Task goal:
Please repeat the records exactly from their first line, finishing at the line containing "Loving Tabatha - Cover" and including it.

┌──

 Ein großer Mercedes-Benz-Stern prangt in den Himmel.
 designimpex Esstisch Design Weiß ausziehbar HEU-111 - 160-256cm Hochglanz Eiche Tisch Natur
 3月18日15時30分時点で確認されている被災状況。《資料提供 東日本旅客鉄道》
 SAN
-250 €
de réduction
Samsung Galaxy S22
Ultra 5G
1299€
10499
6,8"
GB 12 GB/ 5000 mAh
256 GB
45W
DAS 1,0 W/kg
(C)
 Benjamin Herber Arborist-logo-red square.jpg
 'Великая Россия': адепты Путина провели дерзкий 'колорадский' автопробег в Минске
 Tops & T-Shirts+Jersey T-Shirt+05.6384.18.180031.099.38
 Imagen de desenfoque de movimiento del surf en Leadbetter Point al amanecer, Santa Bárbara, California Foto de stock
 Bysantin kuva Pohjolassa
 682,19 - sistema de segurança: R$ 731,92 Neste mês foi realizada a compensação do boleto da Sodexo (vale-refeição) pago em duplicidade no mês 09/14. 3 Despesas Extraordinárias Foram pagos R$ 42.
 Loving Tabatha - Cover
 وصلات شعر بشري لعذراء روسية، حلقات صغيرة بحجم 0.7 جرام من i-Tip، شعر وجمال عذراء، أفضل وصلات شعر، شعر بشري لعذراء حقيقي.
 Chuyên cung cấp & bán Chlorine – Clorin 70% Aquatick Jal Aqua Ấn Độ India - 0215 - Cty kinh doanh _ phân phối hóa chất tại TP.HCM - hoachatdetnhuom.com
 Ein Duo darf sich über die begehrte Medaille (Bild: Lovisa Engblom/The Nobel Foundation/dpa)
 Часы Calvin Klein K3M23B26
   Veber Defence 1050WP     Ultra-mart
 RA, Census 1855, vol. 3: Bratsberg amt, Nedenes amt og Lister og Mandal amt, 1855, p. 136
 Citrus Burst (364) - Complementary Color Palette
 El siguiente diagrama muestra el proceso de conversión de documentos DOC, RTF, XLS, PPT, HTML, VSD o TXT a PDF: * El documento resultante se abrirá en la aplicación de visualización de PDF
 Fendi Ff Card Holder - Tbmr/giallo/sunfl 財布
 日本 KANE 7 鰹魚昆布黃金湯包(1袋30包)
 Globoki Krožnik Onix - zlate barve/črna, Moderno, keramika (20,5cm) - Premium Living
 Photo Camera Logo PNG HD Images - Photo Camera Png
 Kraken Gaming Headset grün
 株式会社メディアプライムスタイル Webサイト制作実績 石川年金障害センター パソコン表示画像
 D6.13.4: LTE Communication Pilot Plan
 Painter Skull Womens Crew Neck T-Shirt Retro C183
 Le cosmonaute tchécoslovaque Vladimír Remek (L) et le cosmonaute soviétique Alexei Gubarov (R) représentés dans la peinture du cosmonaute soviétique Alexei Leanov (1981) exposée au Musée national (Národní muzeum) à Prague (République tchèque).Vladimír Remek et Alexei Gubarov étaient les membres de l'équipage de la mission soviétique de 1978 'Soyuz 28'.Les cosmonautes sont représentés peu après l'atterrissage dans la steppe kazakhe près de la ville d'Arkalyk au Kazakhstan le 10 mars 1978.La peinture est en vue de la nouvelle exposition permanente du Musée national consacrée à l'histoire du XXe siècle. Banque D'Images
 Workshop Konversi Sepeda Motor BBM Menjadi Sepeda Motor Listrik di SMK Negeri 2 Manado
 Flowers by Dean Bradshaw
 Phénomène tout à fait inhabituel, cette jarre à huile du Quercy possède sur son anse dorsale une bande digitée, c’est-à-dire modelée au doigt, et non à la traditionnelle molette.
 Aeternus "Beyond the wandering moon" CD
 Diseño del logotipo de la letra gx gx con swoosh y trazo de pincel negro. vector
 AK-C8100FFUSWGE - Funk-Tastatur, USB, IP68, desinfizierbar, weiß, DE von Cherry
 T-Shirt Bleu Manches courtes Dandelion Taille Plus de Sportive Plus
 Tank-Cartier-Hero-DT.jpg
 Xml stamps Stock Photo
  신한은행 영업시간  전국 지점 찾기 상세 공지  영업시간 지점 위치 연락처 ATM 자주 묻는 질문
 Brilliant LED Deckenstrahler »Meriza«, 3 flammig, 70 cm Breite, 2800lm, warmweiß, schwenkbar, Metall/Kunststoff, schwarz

└──

Solution to the exercise:
 Ein großer Mercedes-Benz-Stern prangt in den Himmel.
 designimpex Esstisch Design Weiß ausziehbar HEU-111 - 160-256cm Hochglanz Eiche Tisch Natur
 3月18日15時30分時点で確認されている被災状況。《資料提供 東日本旅客鉄道》
 SAN
-250 €
de réduction
Samsung Galaxy S22
Ultra 5G
1299€
10499
6,8"
GB 12 GB/ 5000 mAh
256 GB
45W
DAS 1,0 W/kg
(C)
 Benjamin Herber Arborist-logo-red square.jpg
 'Великая Россия': адепты Путина провели дерзкий 'колорадский' автопробег в Минске
 Tops & T-Shirts+Jersey T-Shirt+05.6384.18.180031.099.38
 Imagen de desenfoque de movimiento del surf en Leadbetter Point al amanecer, Santa Bárbara, California Foto de stock
 Bysantin kuva Pohjolassa
 682,19 - sistema de segurança: R$ 731,92 Neste mês foi realizada a compensação do boleto da Sodexo (vale-refeição) pago em duplicidade no mês 09/14. 3 Despesas Extraordinárias Foram pagos R$ 42.
 Loving Tabatha - Cover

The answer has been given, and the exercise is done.